Quest was a short-form asynchronous audio Q&A platform built around career advice, where experts recorded answers to vetted questions in under five minutes. Founded in Amsterdam in 2018 as Cooper—a private introduction-based professional network—the company pivoted twice before shutting down in 2022 after burning through nearly $2 million in funding. The core thesis was sound: professional mentorship is inaccessible to those outside elite networks, and experts willing to help are too busy for one-on-one sessions. But Quest could never resolve the cold-start problem that sits at the heart of any two-sided content marketplace. The expert supply side had weak incentives to contribute content consistently, while the consumer demand side—junior job seekers and new graduates—was too small and too transient to justify the editorial overhead required to maintain quality. Three product iterations across four years produced no durable product-market fit, and the company ran out of runway before finding one.
Robert Gaal and Emiel van Liere are Dutch serial entrepreneurs who had already built and exited companies before co-founding Cooper in 2018. [1] Gaal had worked at Google, where he helped grow a team serving millions of users daily and launched a Google hub for startups.
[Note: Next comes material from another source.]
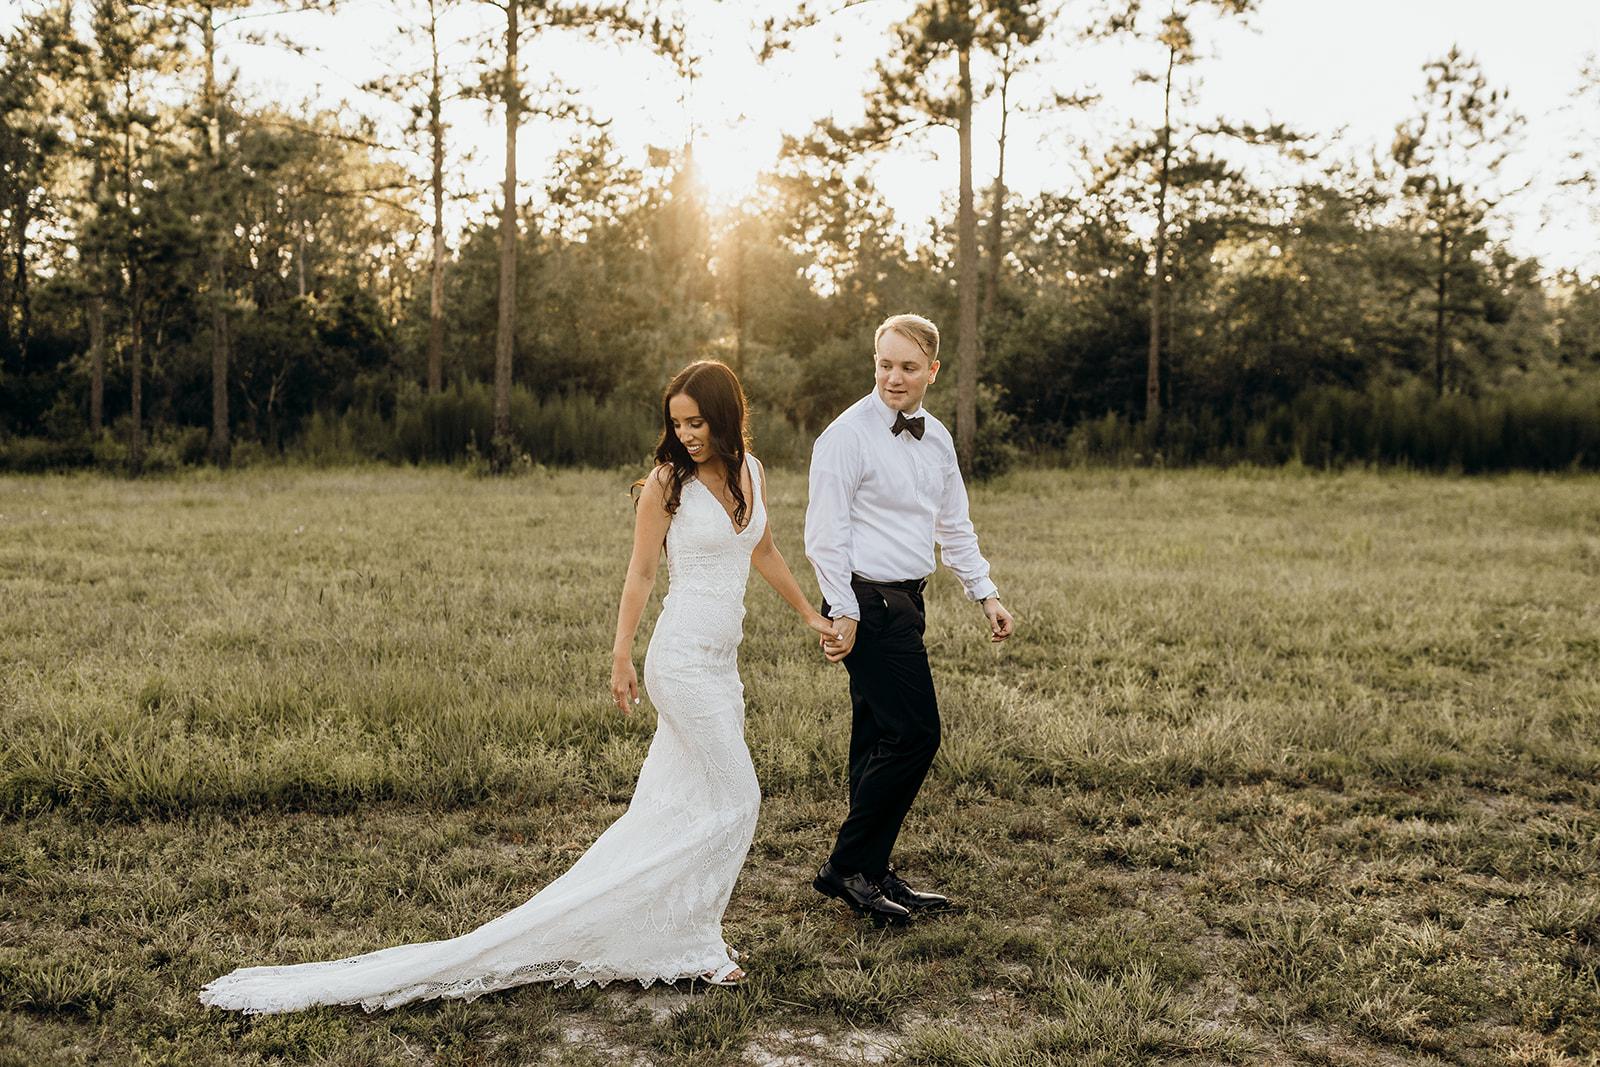 Casey-Josh-Pearl-In-The-Wild-Tallahassee-Wedding-167_websize.jpg
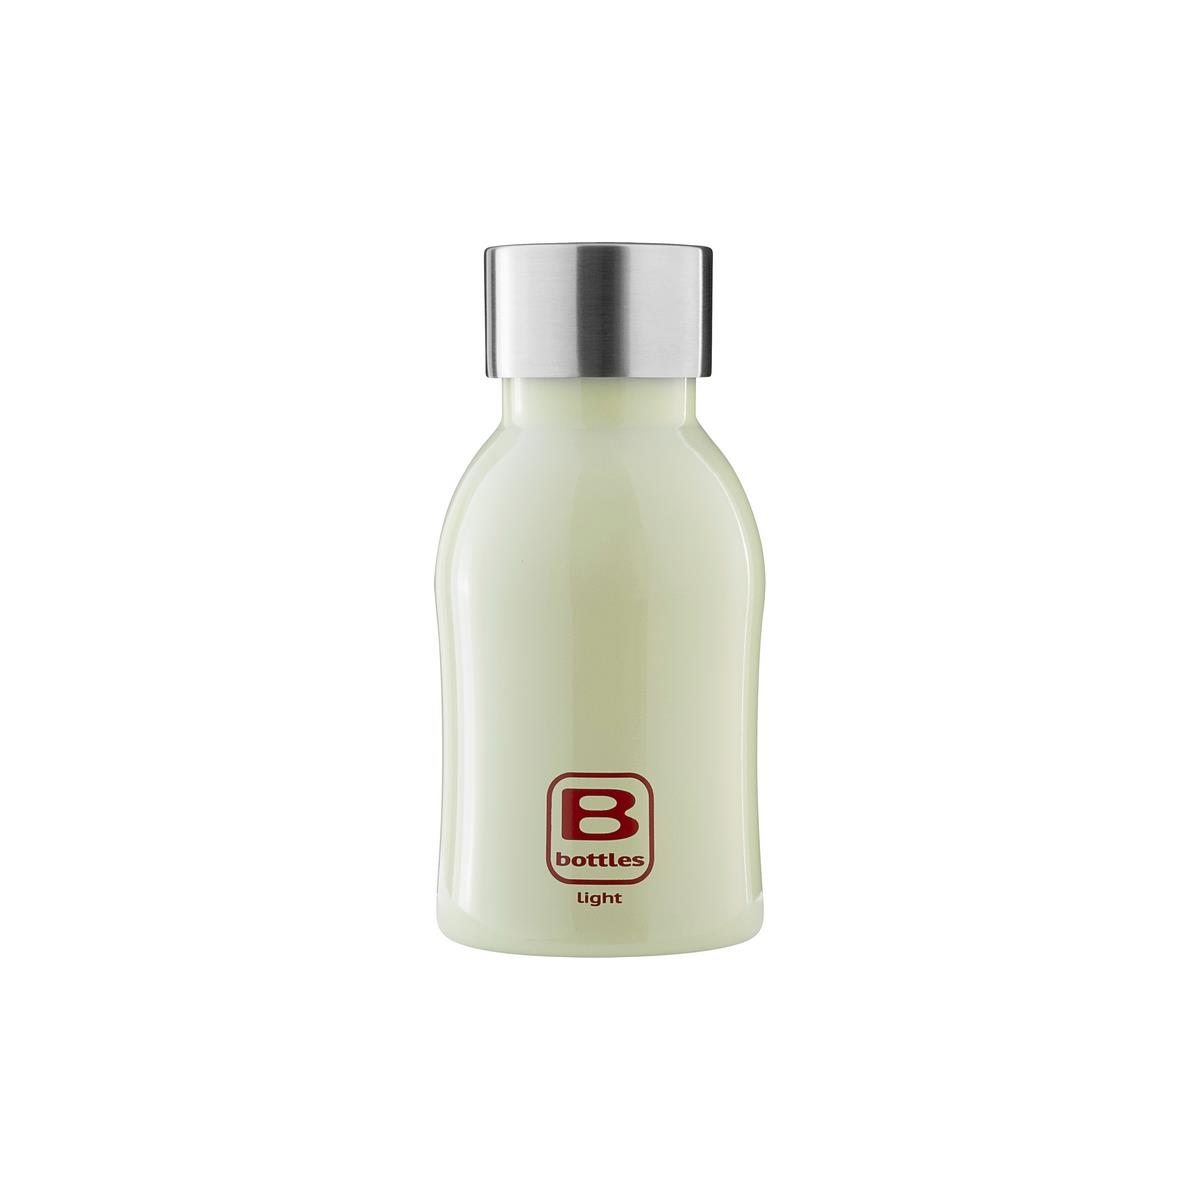 B Bottles Light - Light Green - 350 ml - Bottiglia in acciaio inox 18/10 ultra leggera e compatta

He was also a member of Atomico's Angel Programme, giving him deep roots in the European venture ecosystem. [2] Van Liere had led the mobile team at Hyves—a Dutch social network with over 10 million members—and had previously exited a startup called Folio. [3] The two had worked together building Hyves and Wakoopa, a consumer analytics platform later acquired by GfK. [4]

The founding insight came from personal experience. Both founders had mentored junior professionals and found themselves frustrated by the limitations of LinkedIn as the only real tool for making meaningful professional introductions. [5] Gaal later articulated the demand-side problem clearly: "These are people that are looking to learn the lingo or the mindset of how am I going to grow in this position? [and] often, that sort of etiquette is not always accessible to anyone, which is really why we built Quest. We really wanted to make sure that accessibility to a growing career is for everyone." [6]
Their first answer to this problem was Cooper: a private professional network built around curated, introduction-based connections. The idea was to make warm introductions the default rather than the exception. Cooper raised a $2 million seed round in November 2020 led by Comcast Ventures, with LocalGlobe and 468 Capital participating—a credible syndicate for a European consumer social startup. [7]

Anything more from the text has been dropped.